EXERCISE:
Having located "christian louboutin knockoffs", write out its line and the remaining lines of the material exactly, the last one included, but not the pictures.

*** DATA SECTION

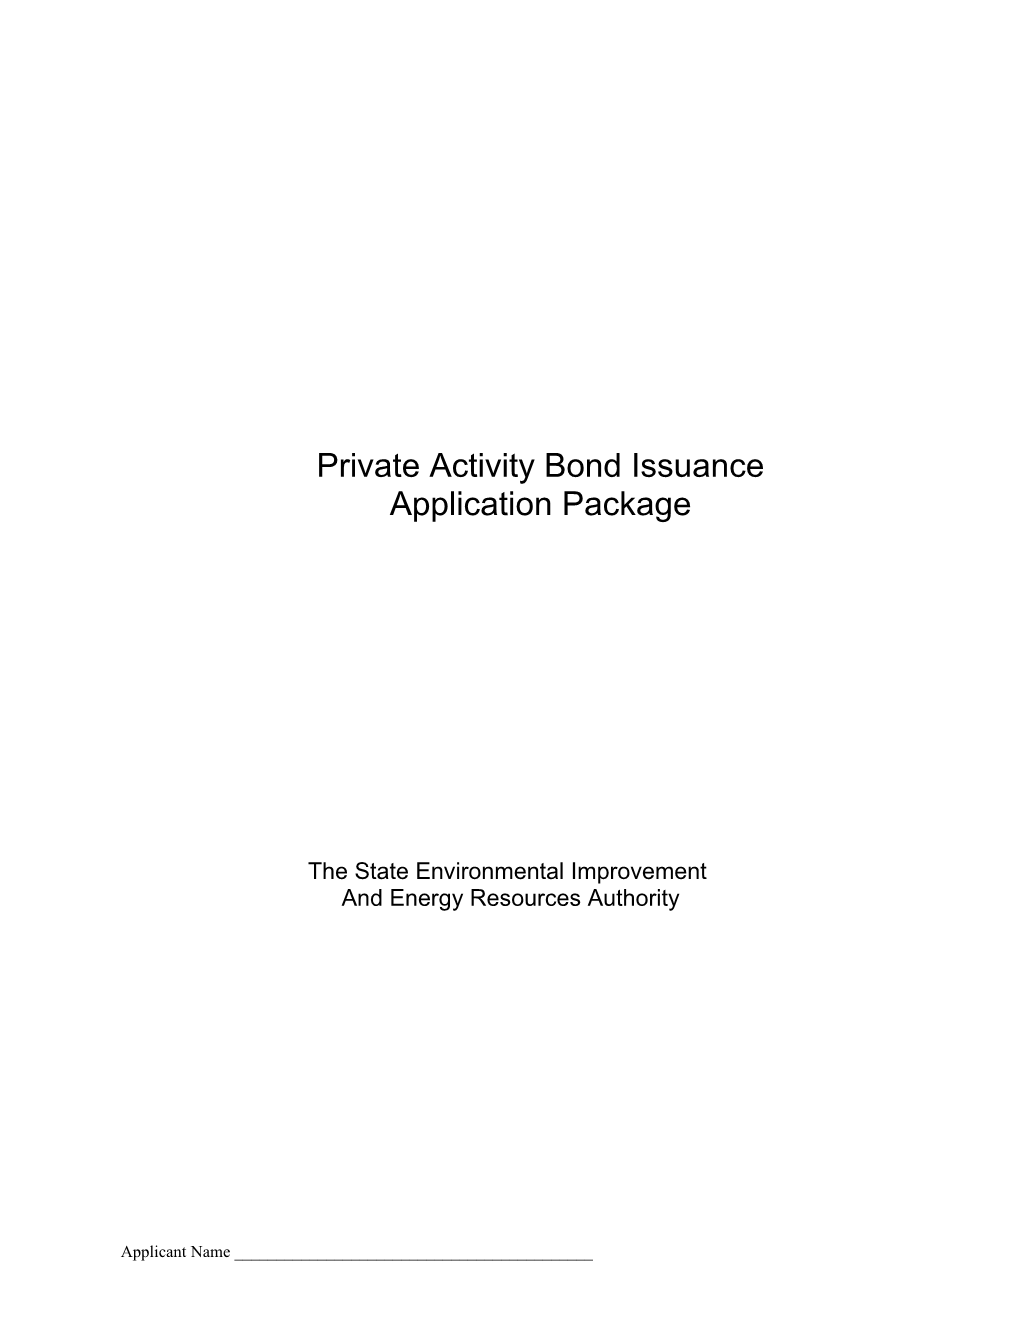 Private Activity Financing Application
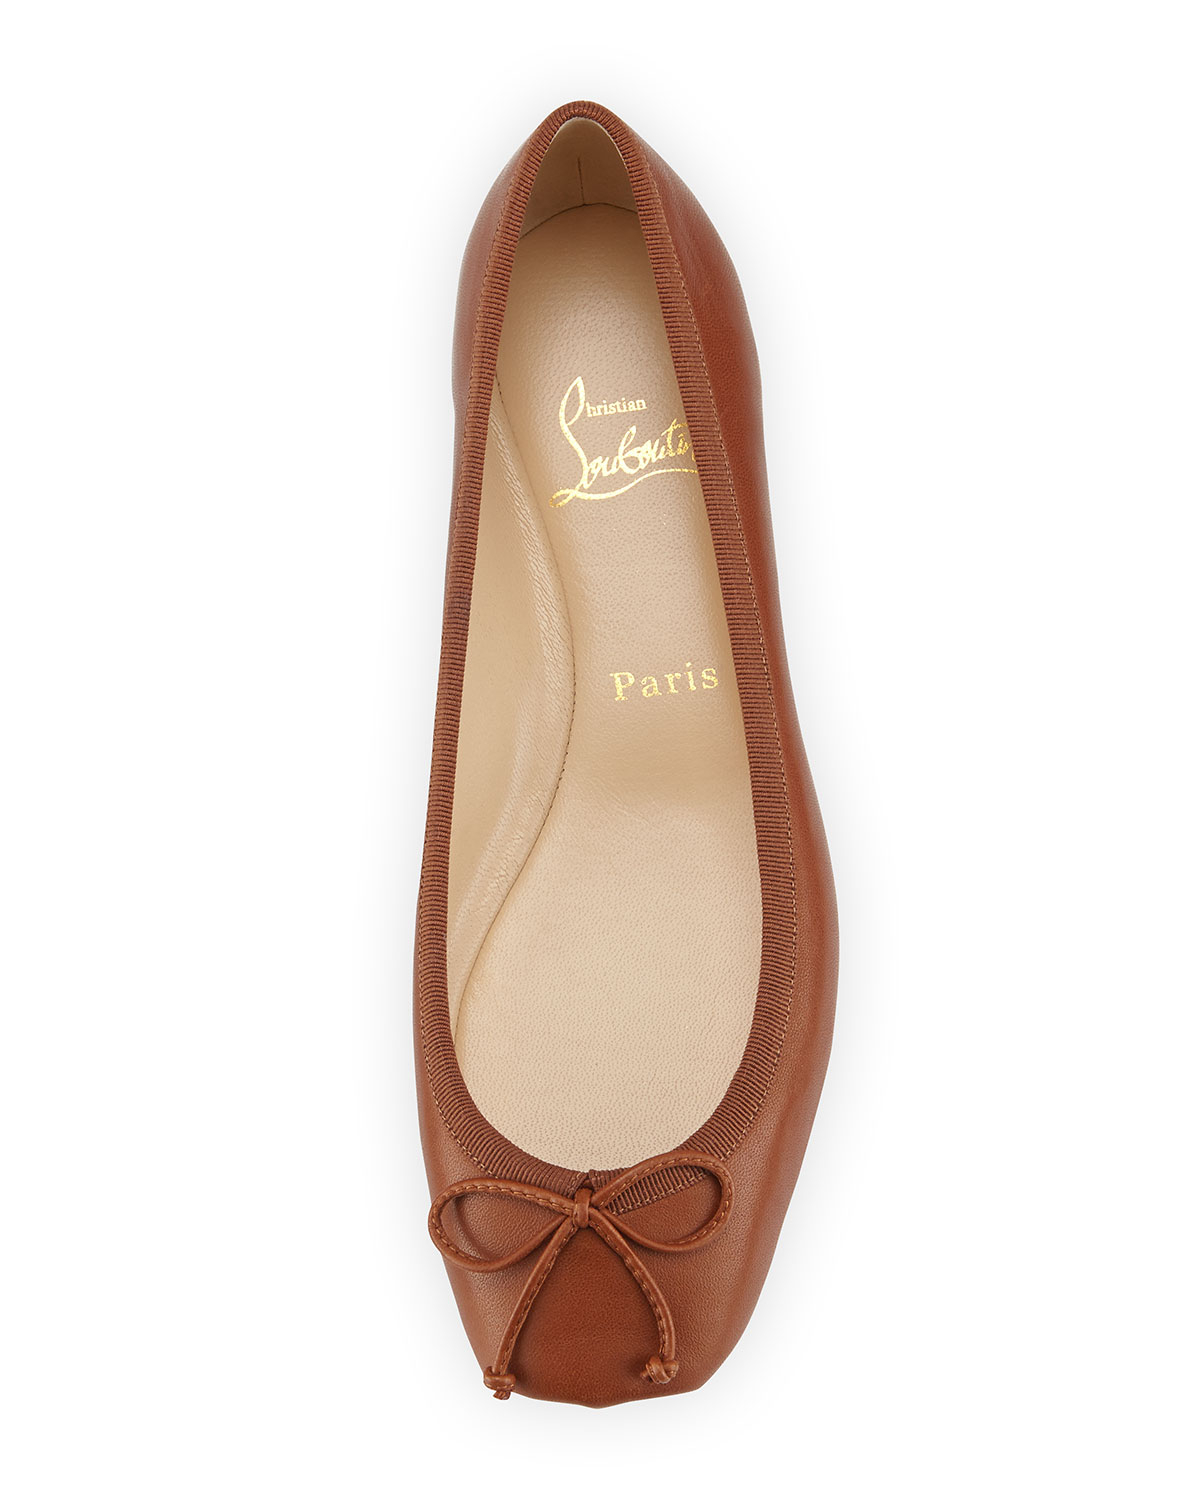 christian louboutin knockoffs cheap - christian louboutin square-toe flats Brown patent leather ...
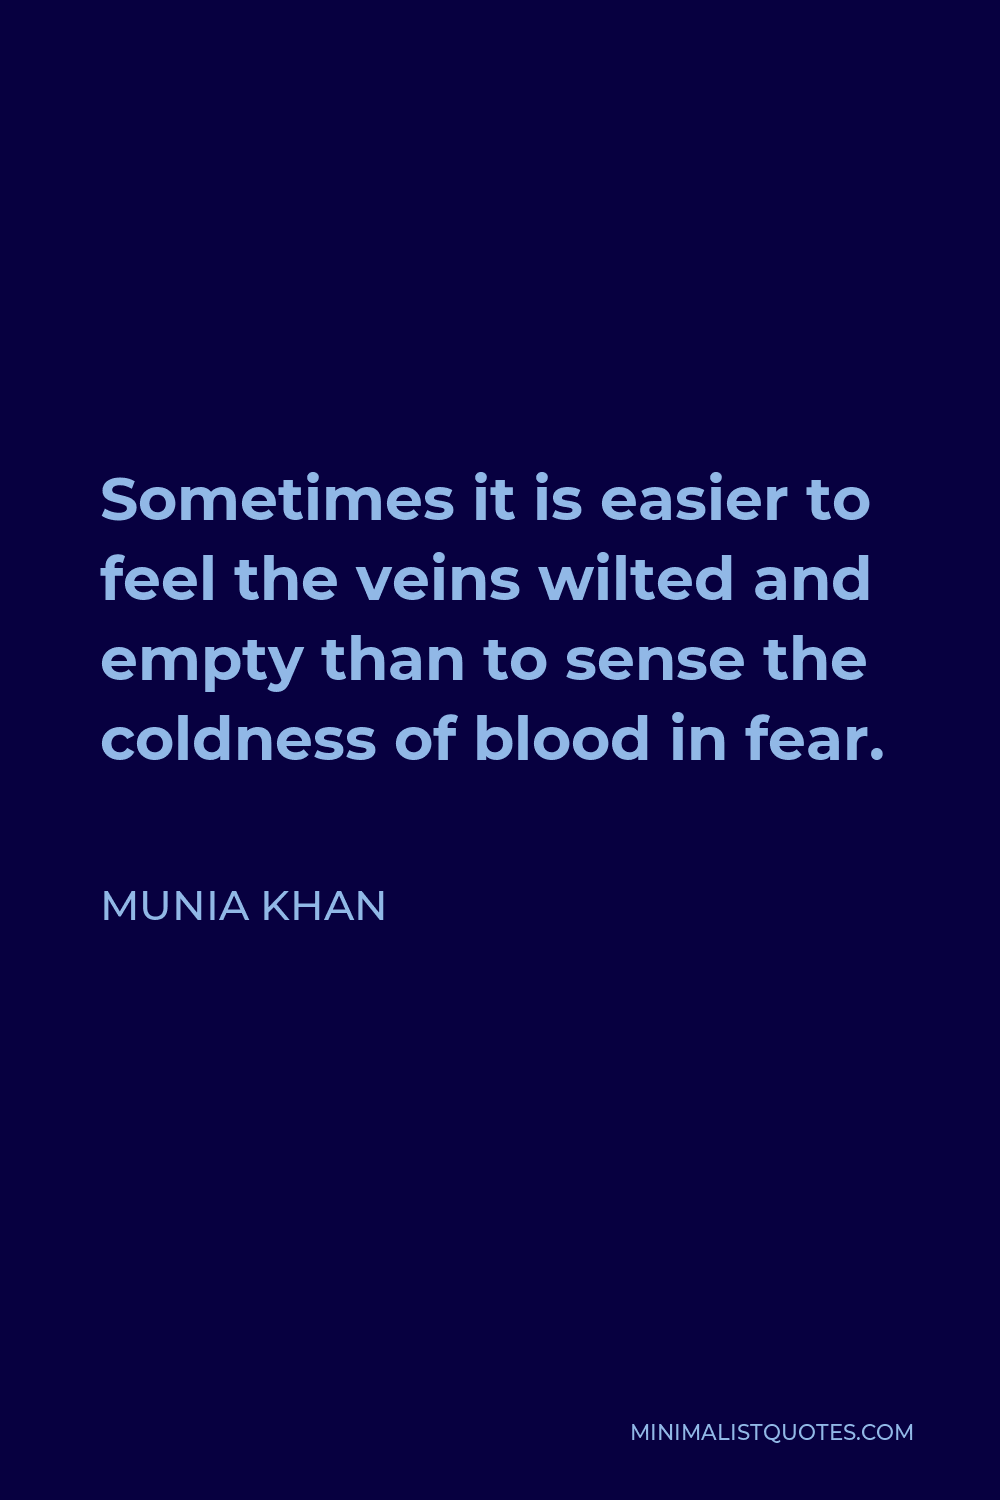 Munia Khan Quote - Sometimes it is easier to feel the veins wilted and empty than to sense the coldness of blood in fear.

******

OUTPUT FOR THIS EXERCISE:
 christian louboutin knockoffs cheap - christian louboutin square-toe flats Brown patent leather ...
 Munia Khan Quote - Sometimes it is easier to feel the veins wilted and empty than to sense the coldness of blood in fear.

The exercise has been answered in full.